* Source material:
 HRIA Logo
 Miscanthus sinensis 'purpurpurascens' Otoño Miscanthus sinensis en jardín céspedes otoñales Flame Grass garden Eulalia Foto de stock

...

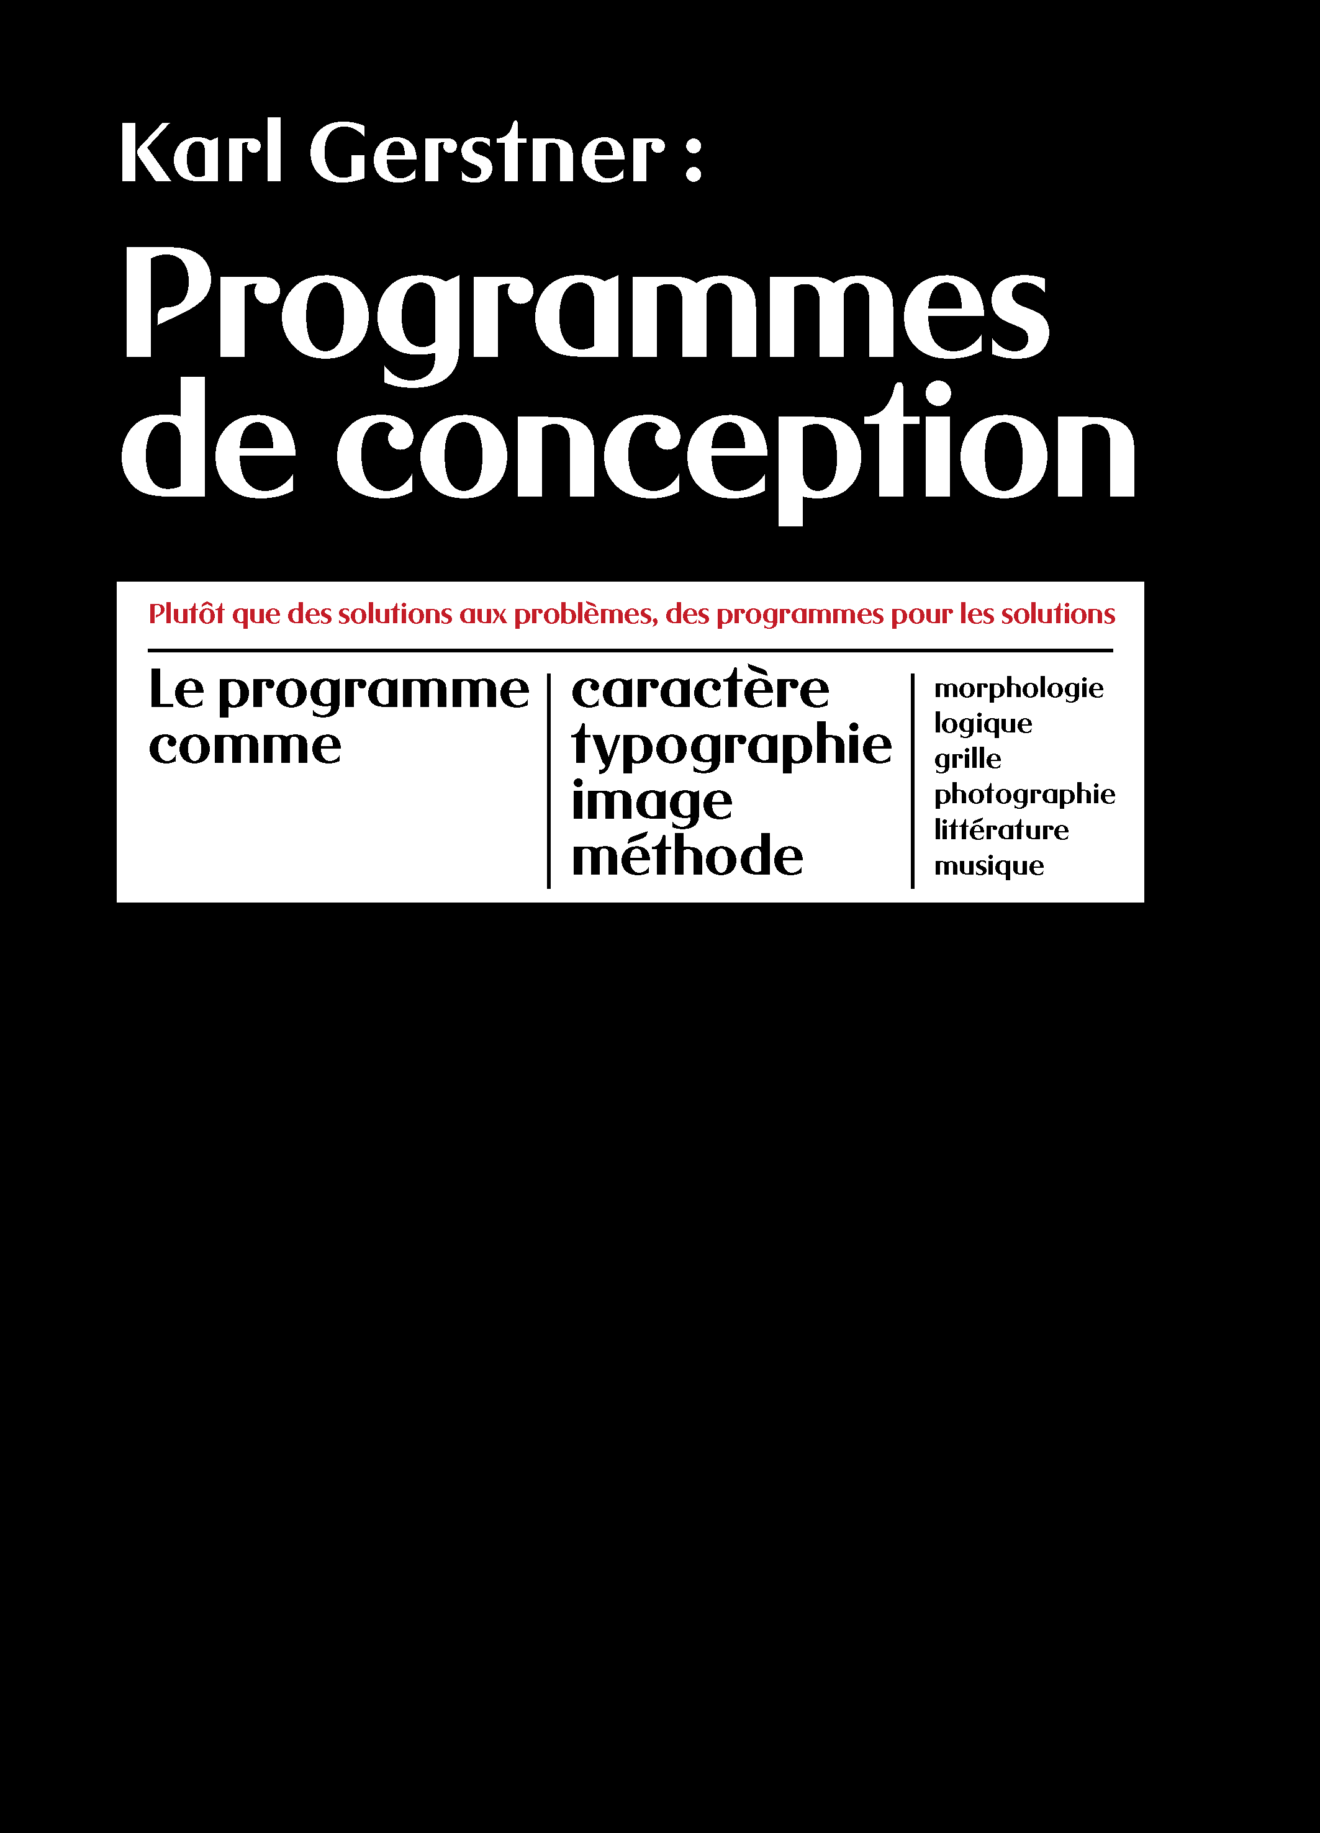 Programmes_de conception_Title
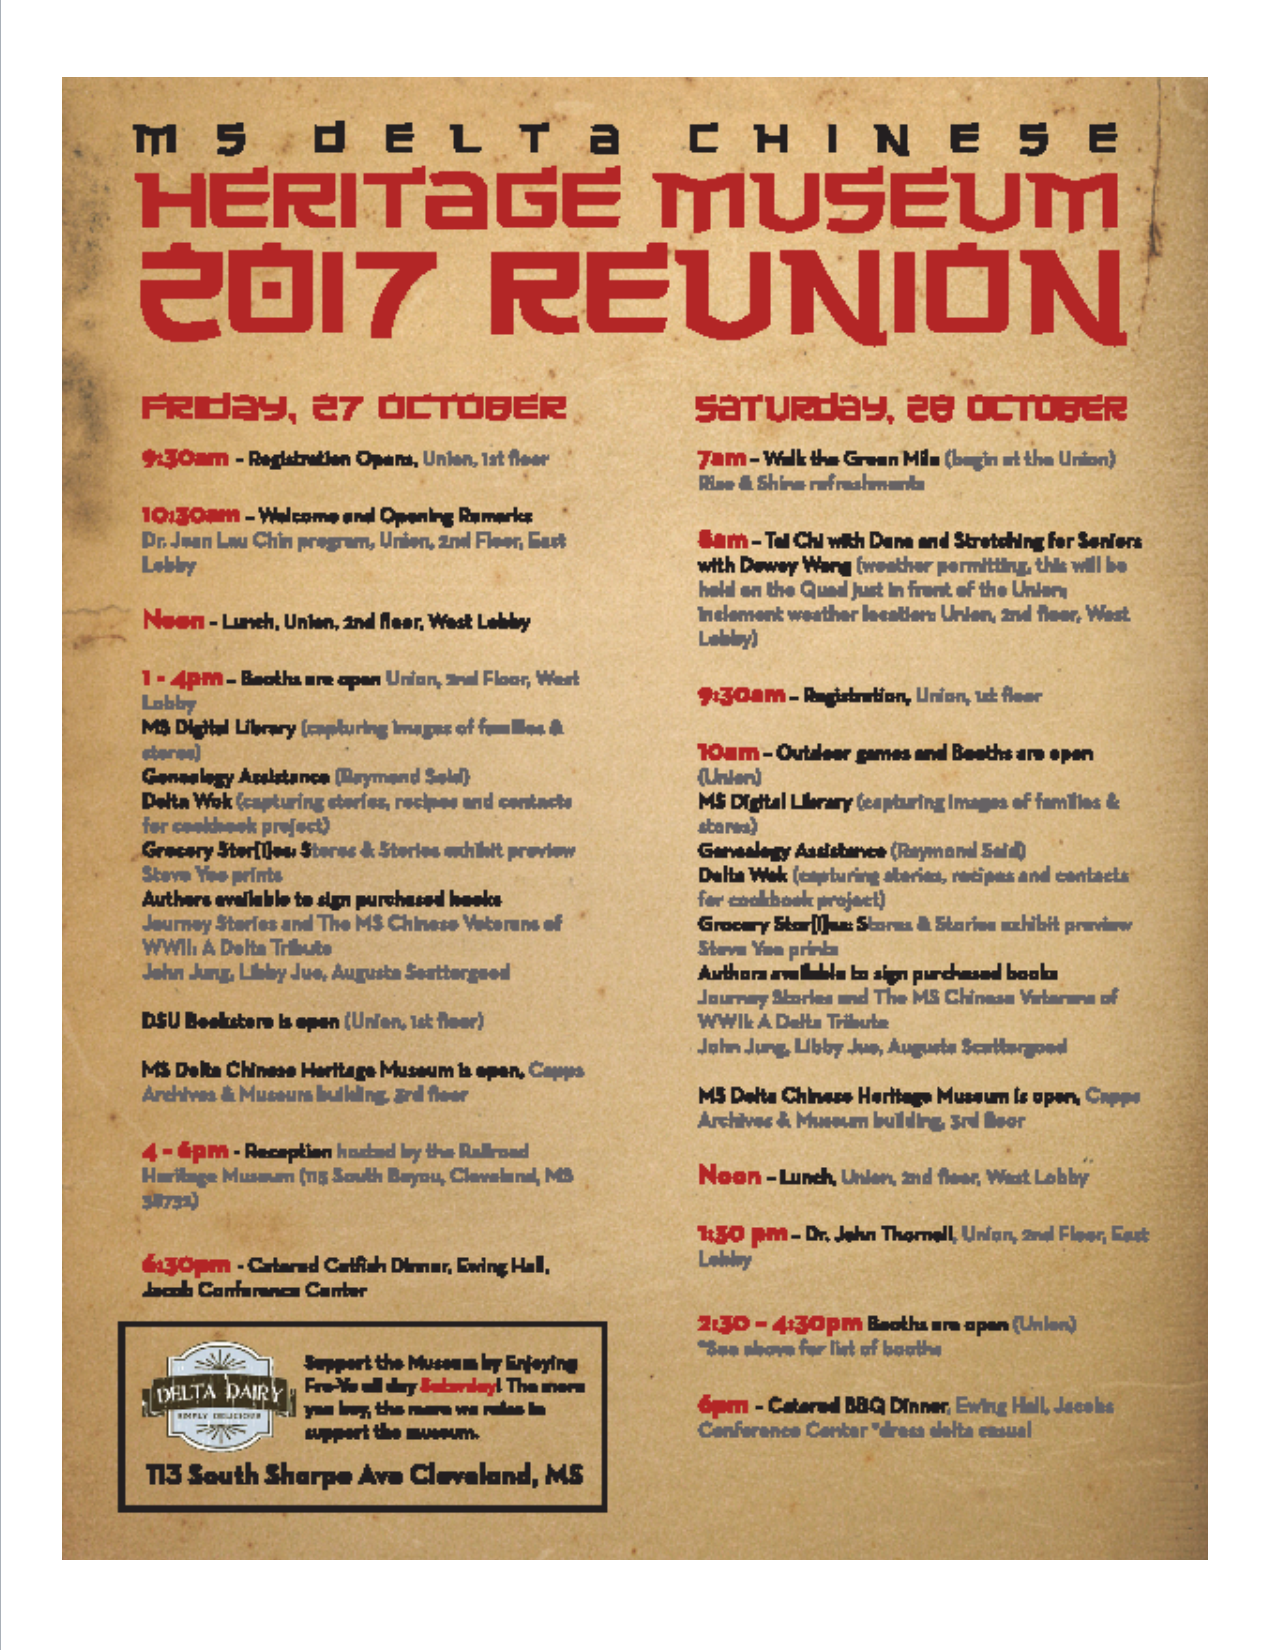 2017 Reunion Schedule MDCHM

* Activity: When you reach the line with "Programmes_de conception_Title" in the records above, start writing out each line exactly, and stop after the line with "2017 Reunion Schedule MDCHM". Pictures stay out.

* Response area:
 Programmes_de conception_Title
 2017 Reunion Schedule MDCHM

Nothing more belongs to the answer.